The BUSD is backed by USD on a 1-on-1 ratio and neither Binance nor Paxos charge a fee for the purchase or redemption of the stablecoin.
DAI
DAI presents itself as the only decentralized stablecoin available on the market. It was built by the MakerDAO development team on the Ethereum Blockchain. However, the coin isn’t controlled by the development team nor by any other centralized authority.
DAI is not backed by any fiat currency but uses a multi-collateral script in which the coin is created when a collateralized debt position is created, locking Ethereum into a smart contract.

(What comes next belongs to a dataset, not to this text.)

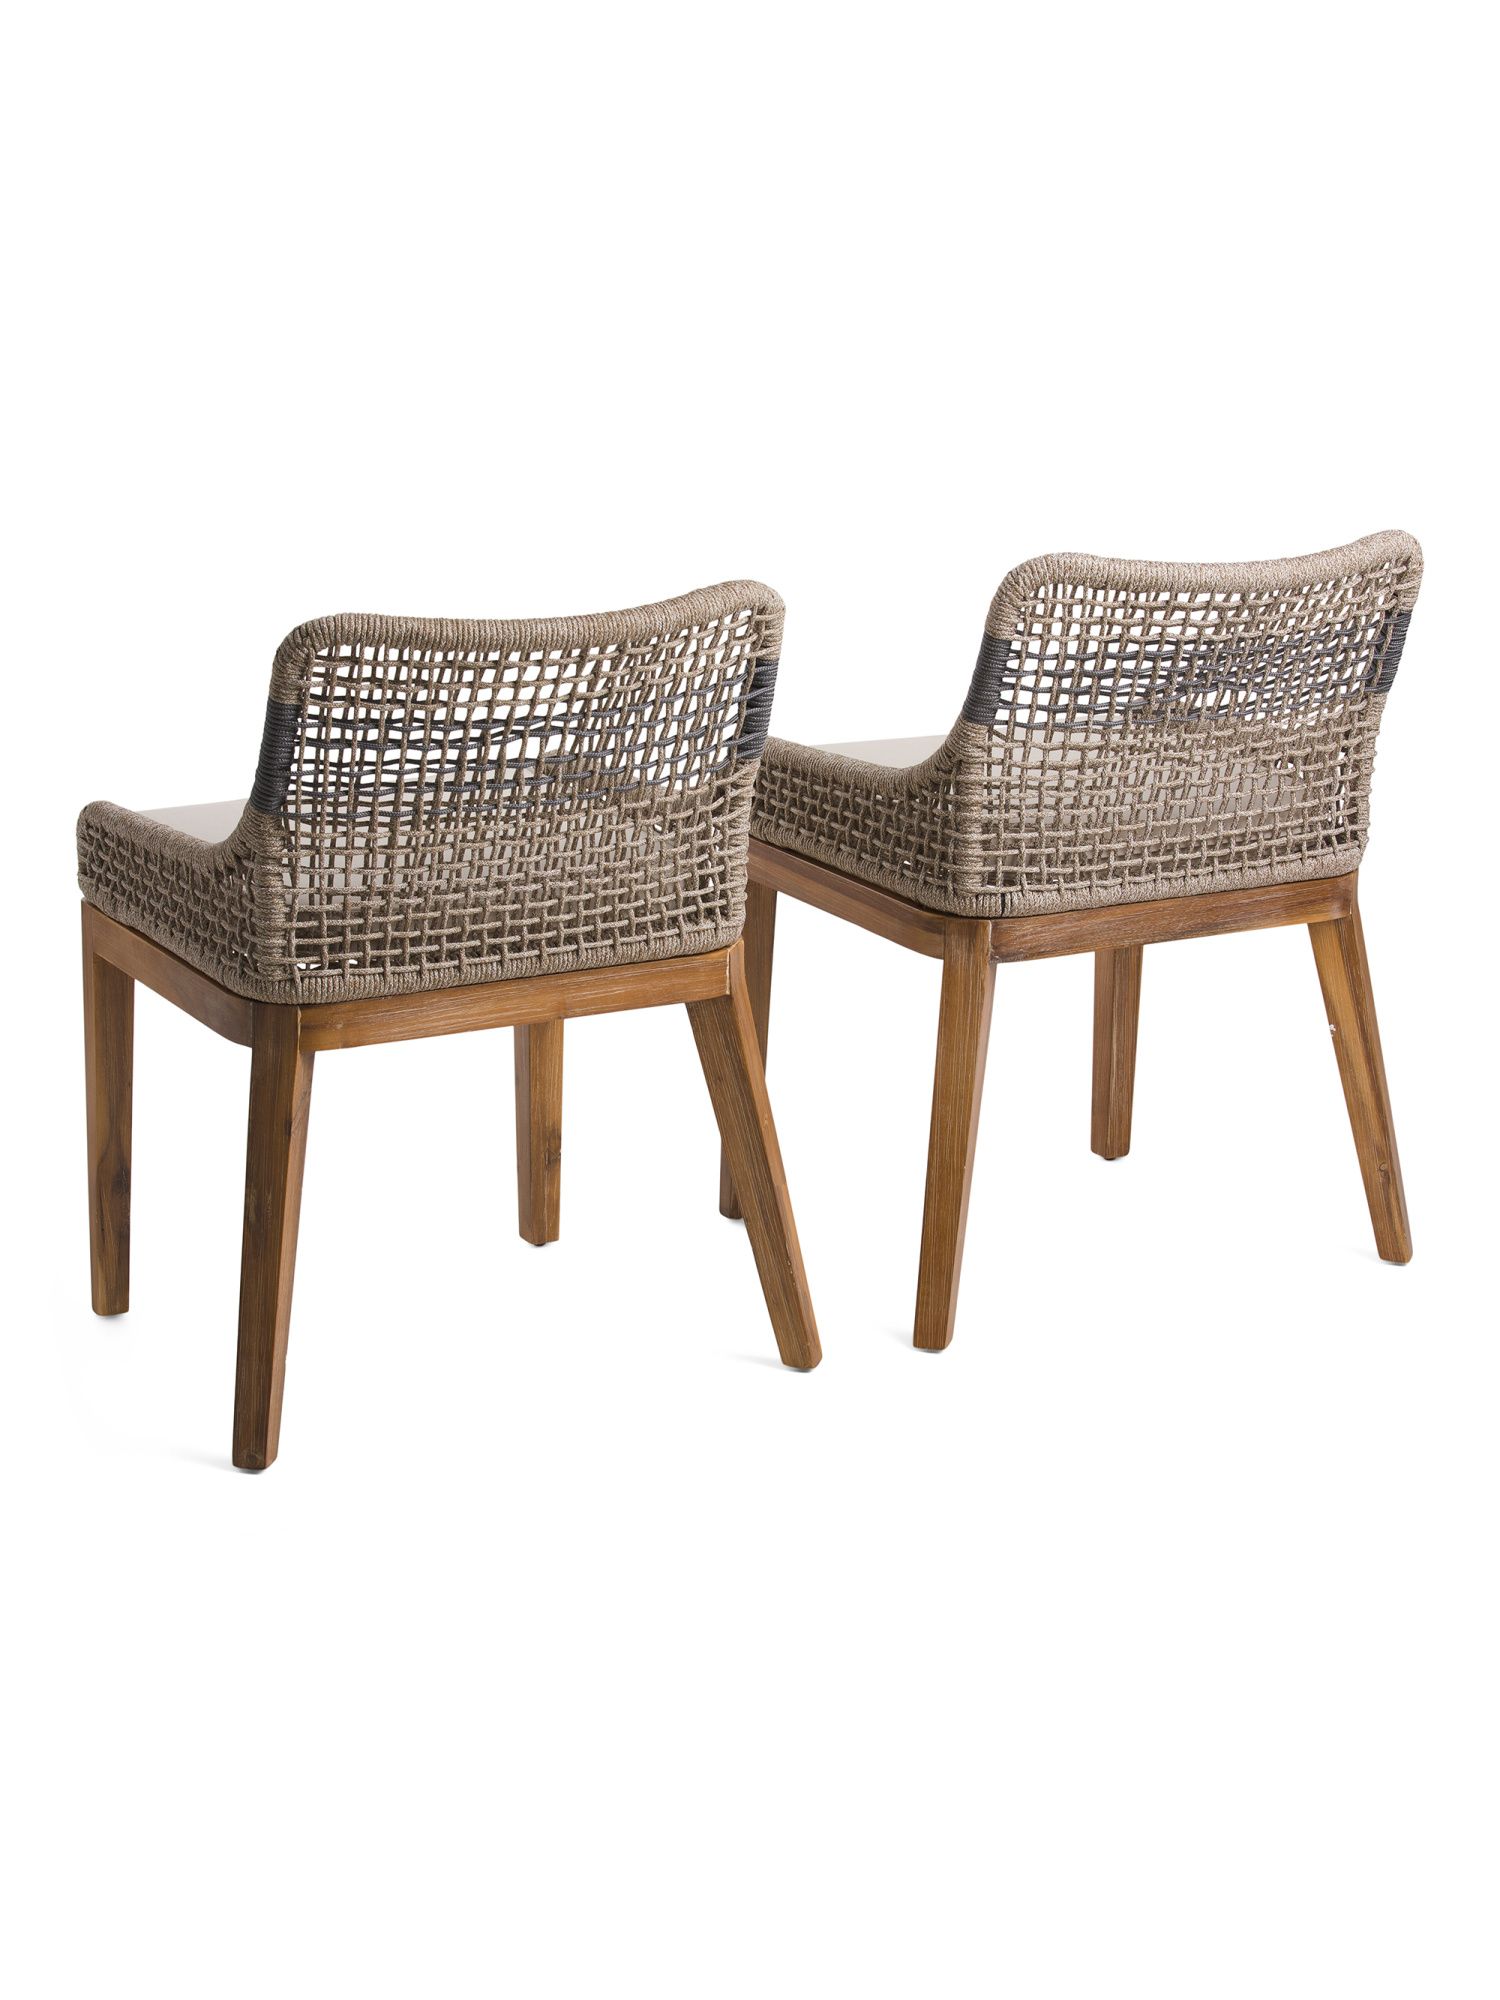 Set Of 2 Woven Stripe Dining Chairs | Kitchen & Dining Room | Marshalls | Marshalls
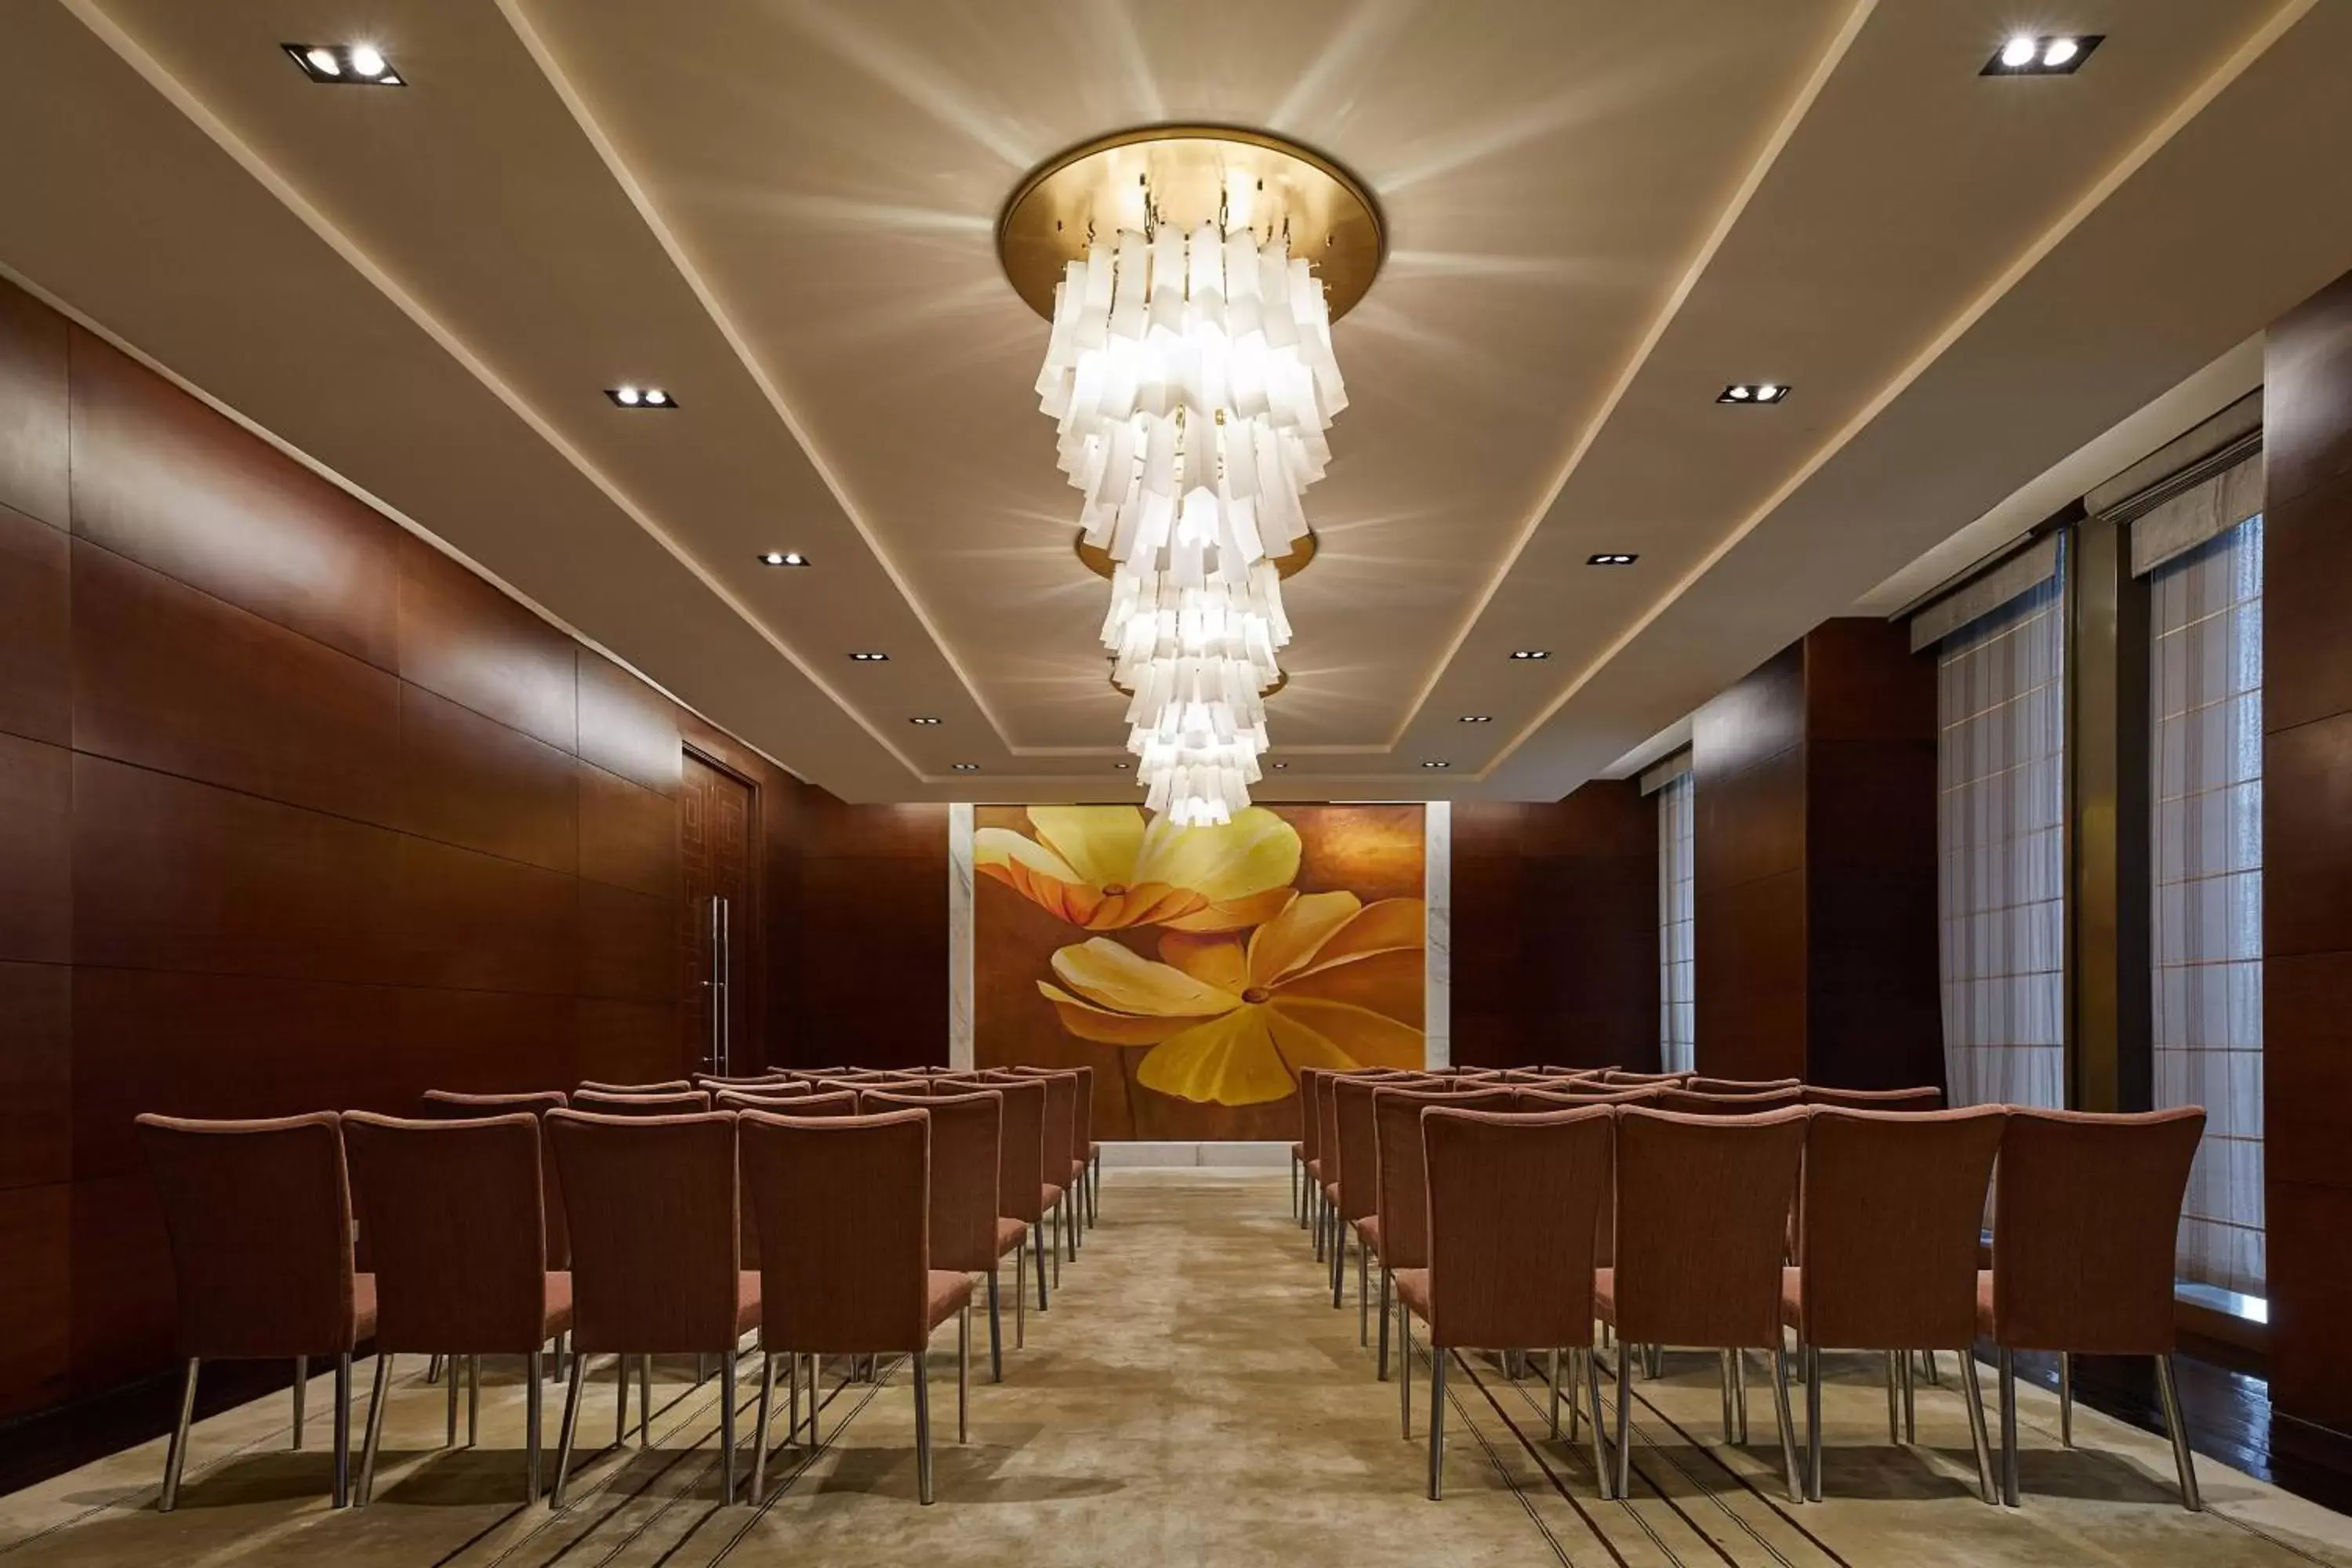 Meeting/conference room, Banquet Facilities in The Westin Tianjin

The contract holds the staked coins, which can be unlocked at a later time using DAI.
Key Takeaways
- Tether (USDT) is one of the first stablecoins and is currently the most popular, having the highest liquidity.
- Stablecoins are cryptocurrencies with steady prices, backed through collateral or algorithmic pegging.
- The USDT is supposed to be backed by USD at a 1-on-1 ratio through the accounts of Tether Ltd.
- Although USDT is the most popular stablecoin, it’s surrounded by controversies related to Tether’s Ltd’s capacity to cover the coin’s volume with fiat and its relations with Bitfinex.
- Some other popular stablecoins are USDC, BUSD, and DAI.